(Stored records)
"""

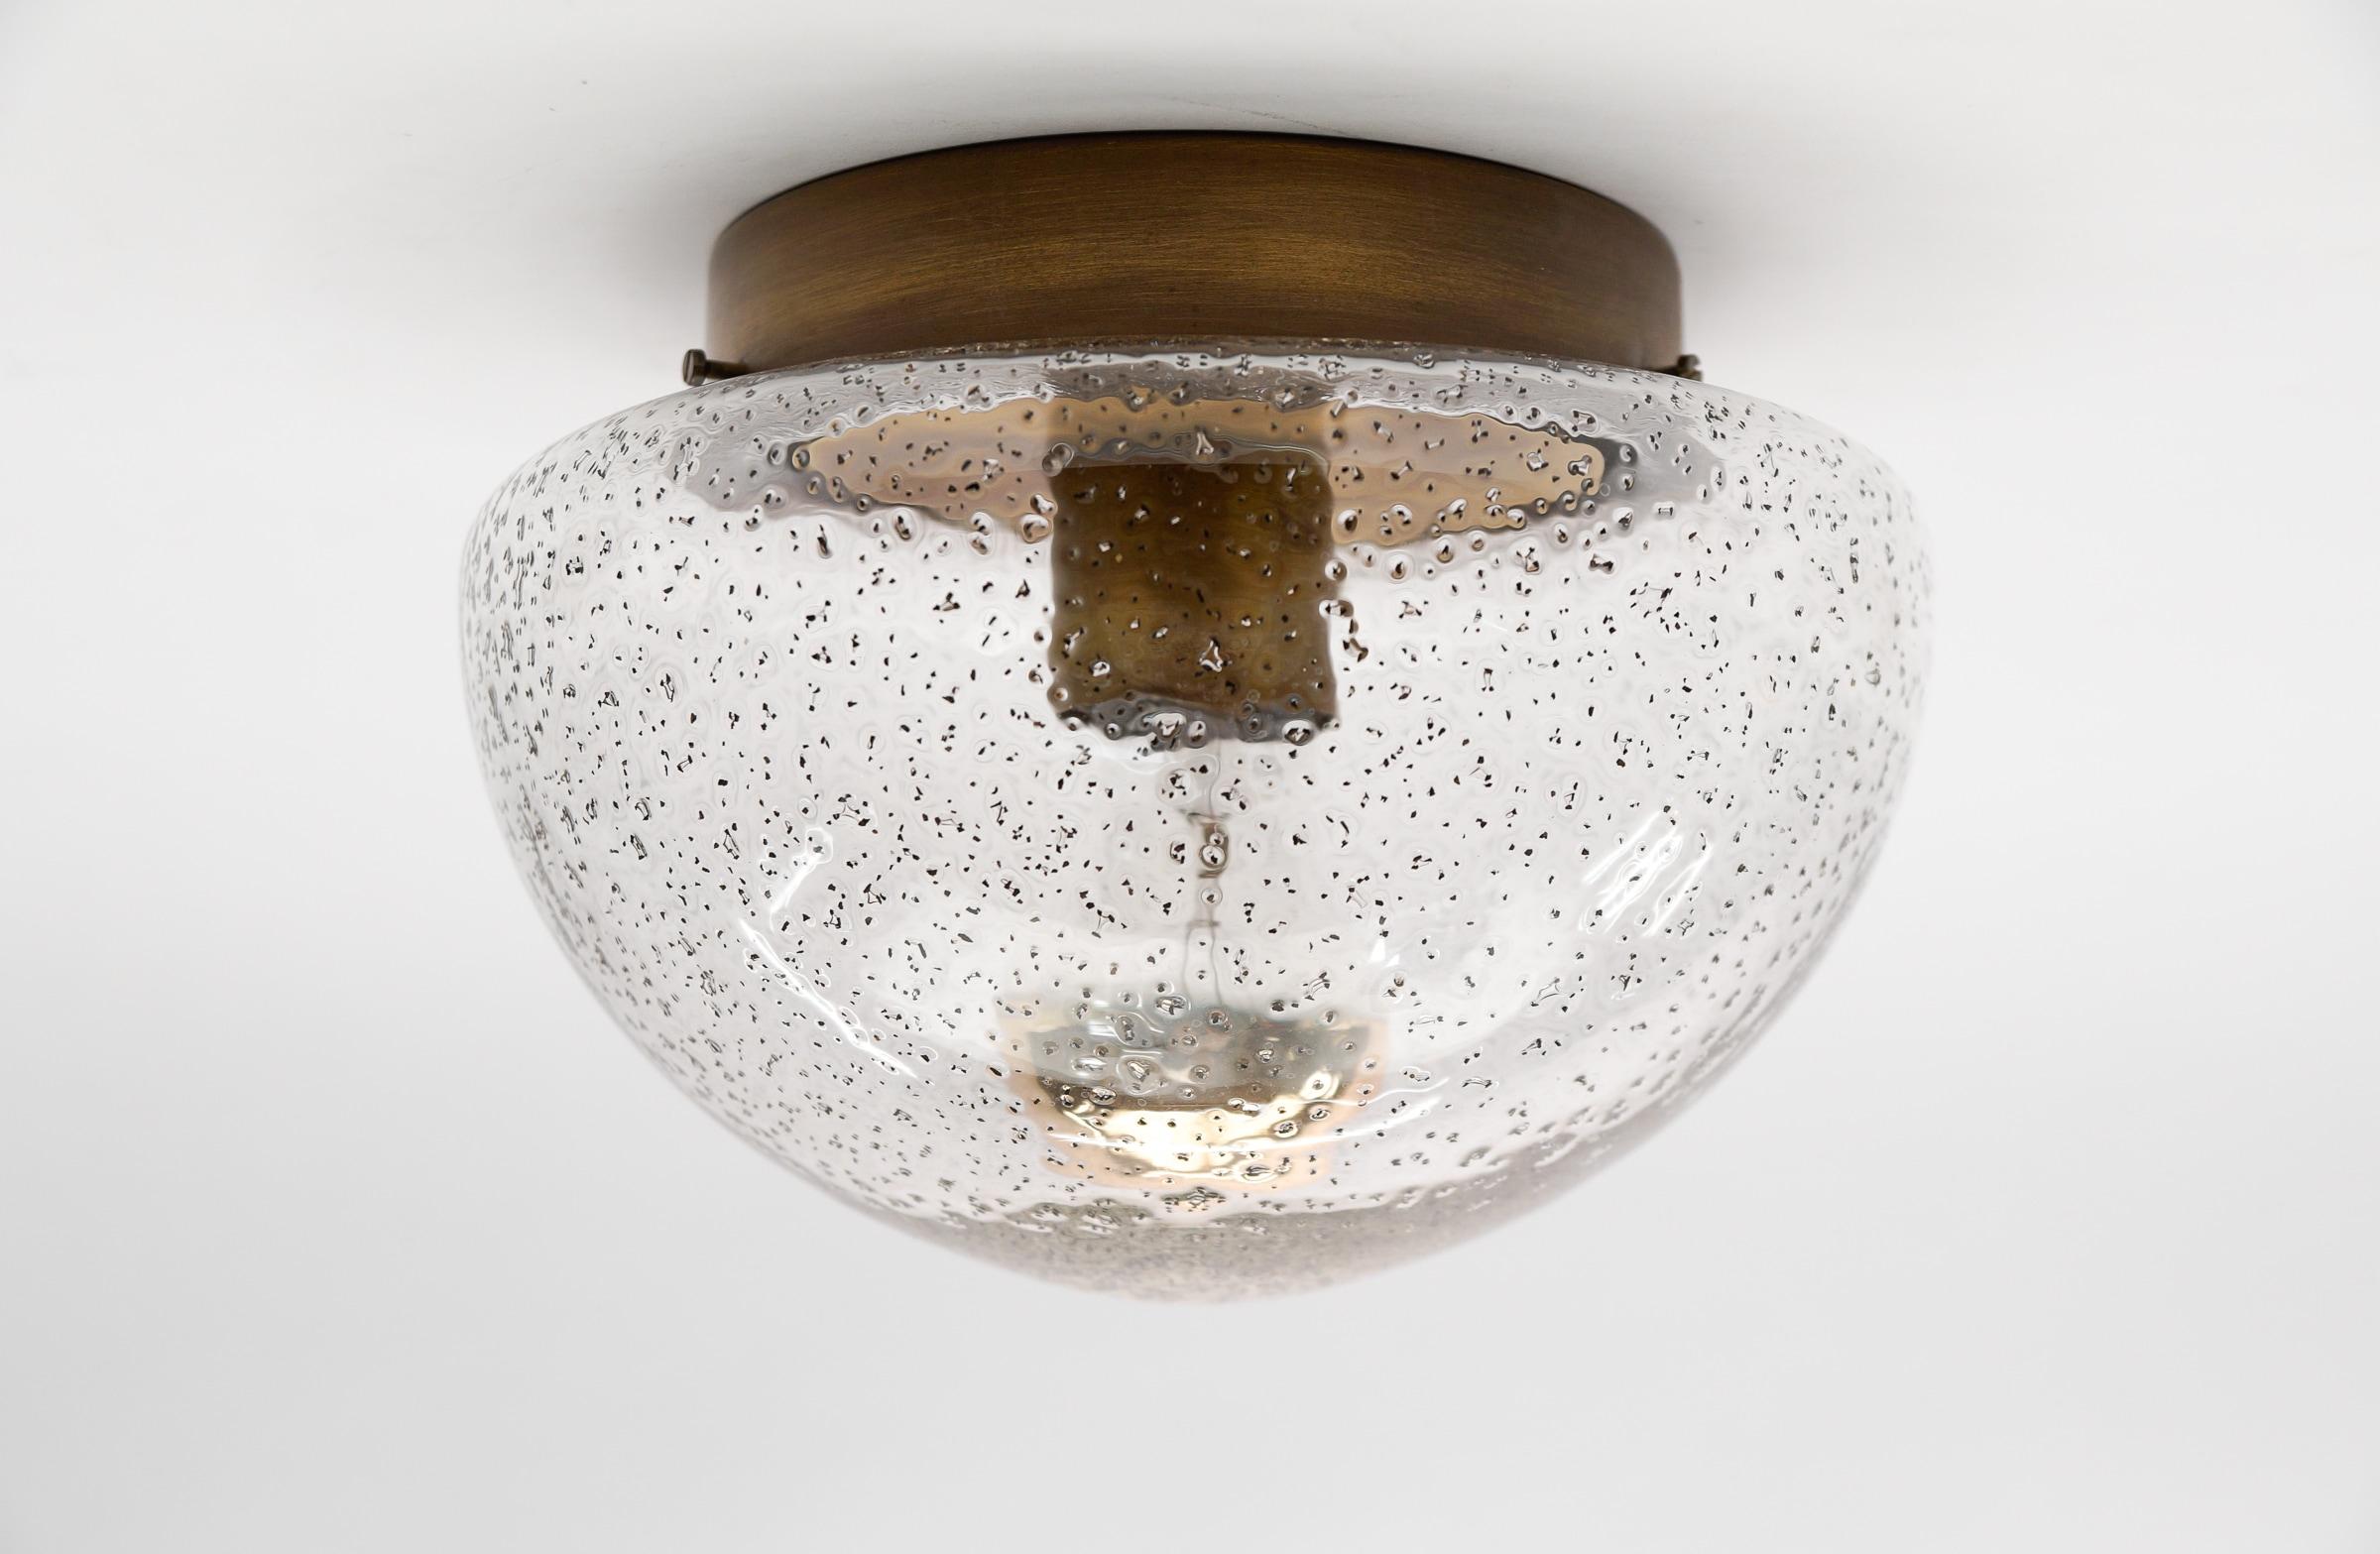 Petite Bronze Mushroom Shaped Glass Lamp, Germany 1960s

Dimensions
Height: 6.29 in. (16 cm)
Diameter: 9.05 in. (23 cm)

The fixture need 1 x E27 standard bulb with 60W max.

Light bulbs are not included.
It is possible to install this fixture in
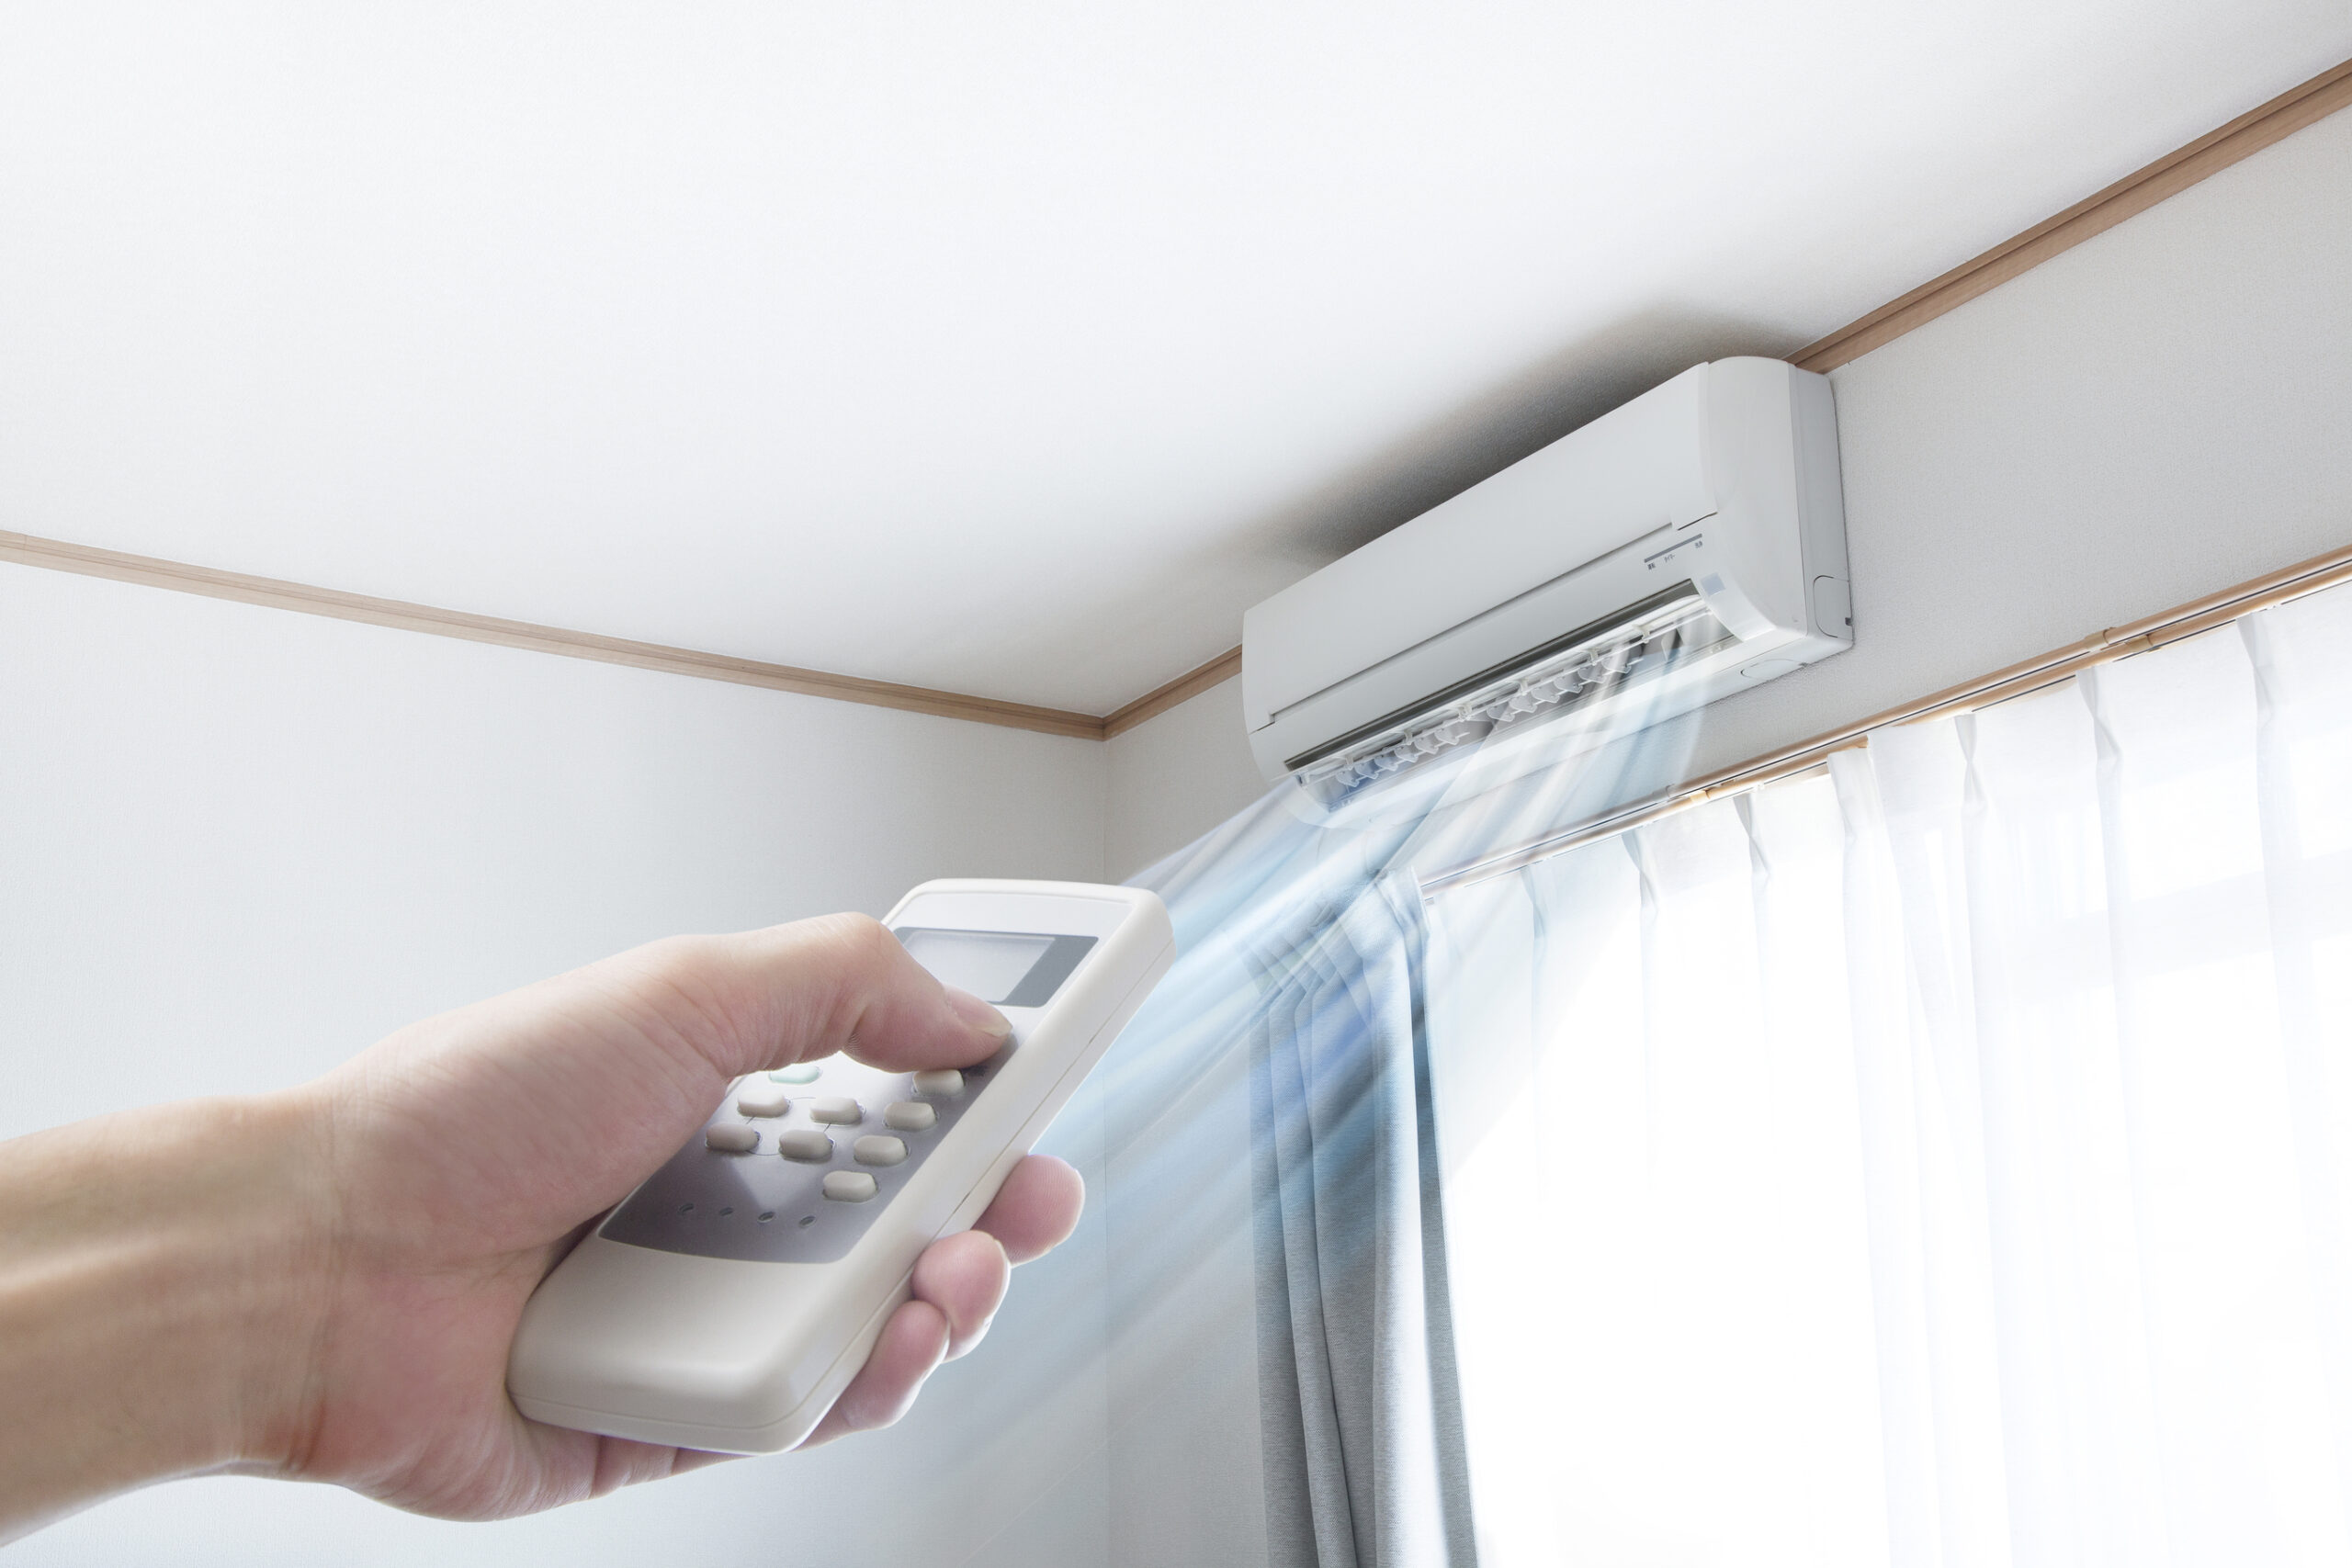 A woman’s hand pointing a remote at a ductless mini-split unit
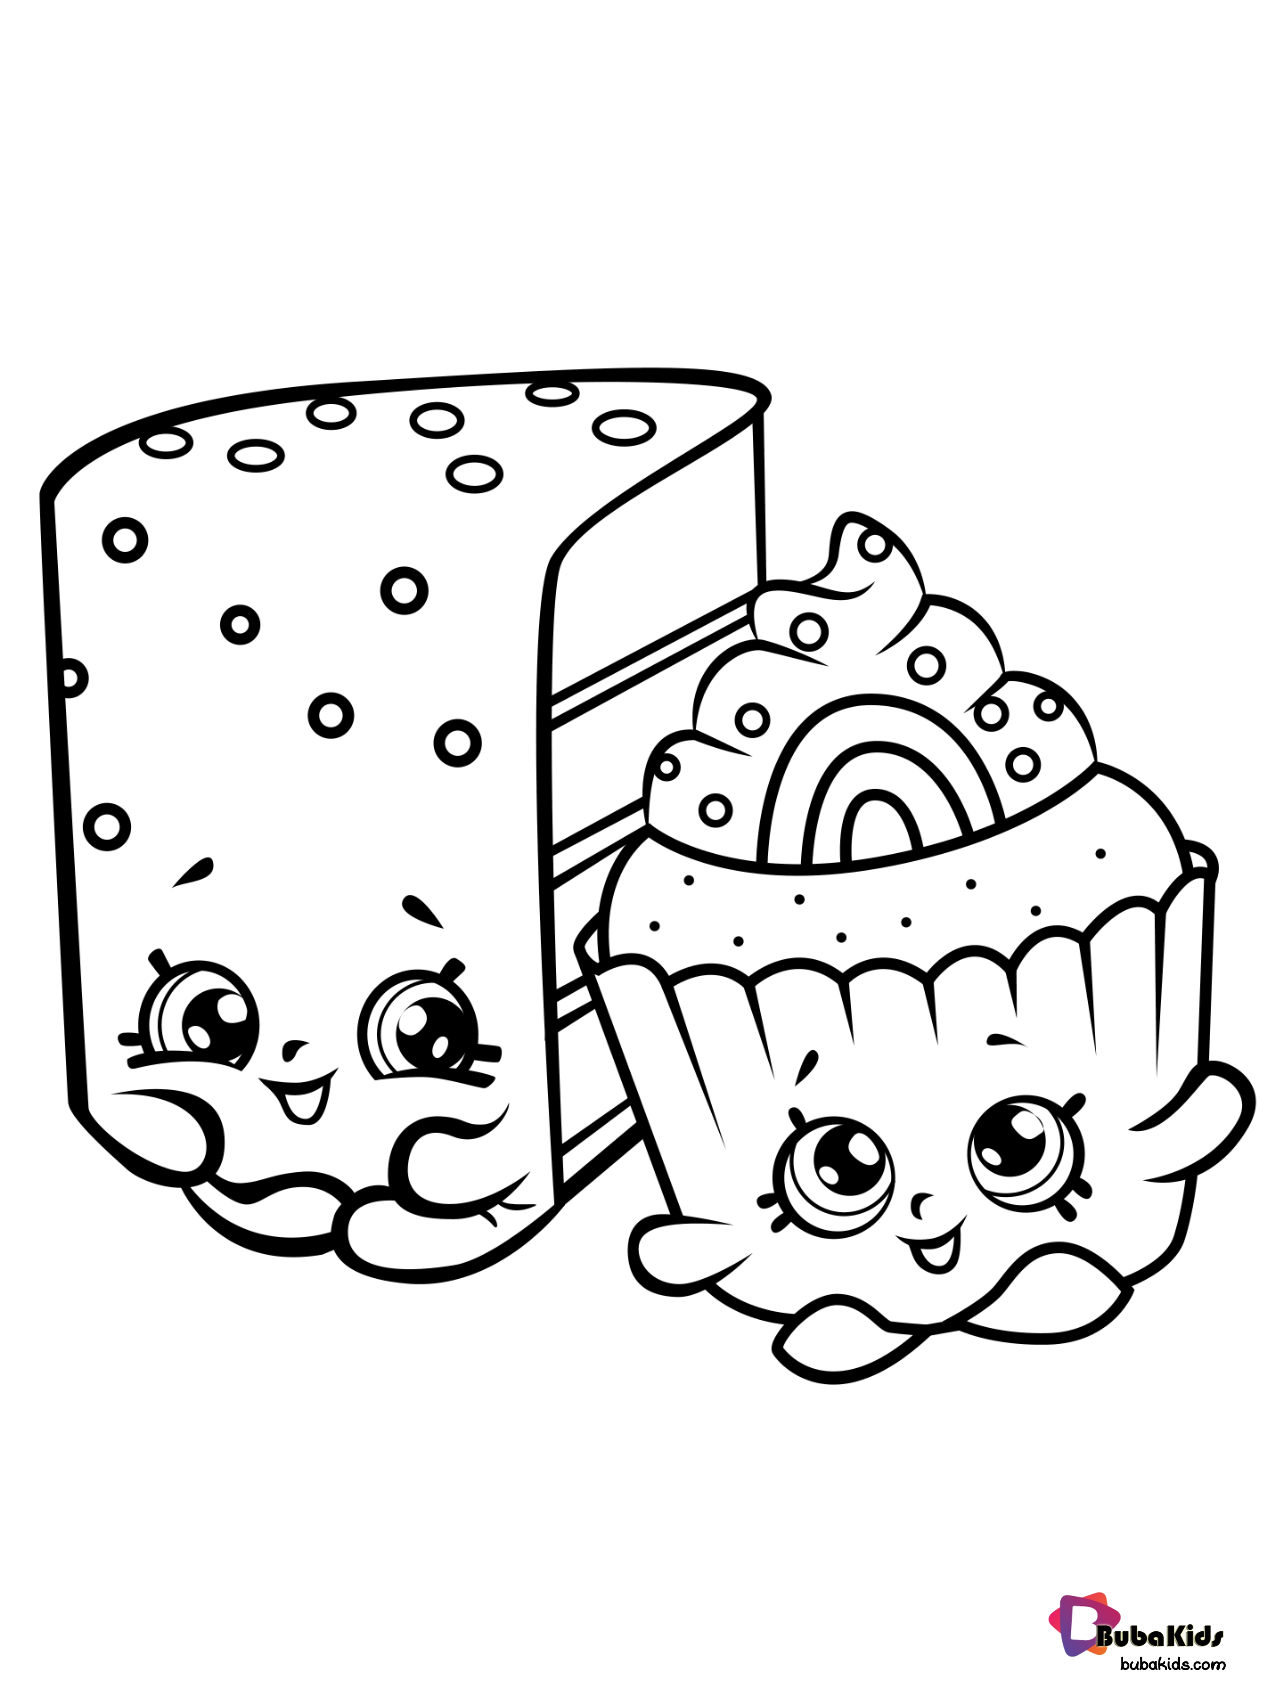 Free Shopkins coloring pages to print and color. Wallpaper

"""

Exercise directions: Your answer should consist of every line from the entries that holds "fixture".

Result of this exercise:
The fixture need 1 x E27 standard bulb with 60W max.
It is possible to install this fixture in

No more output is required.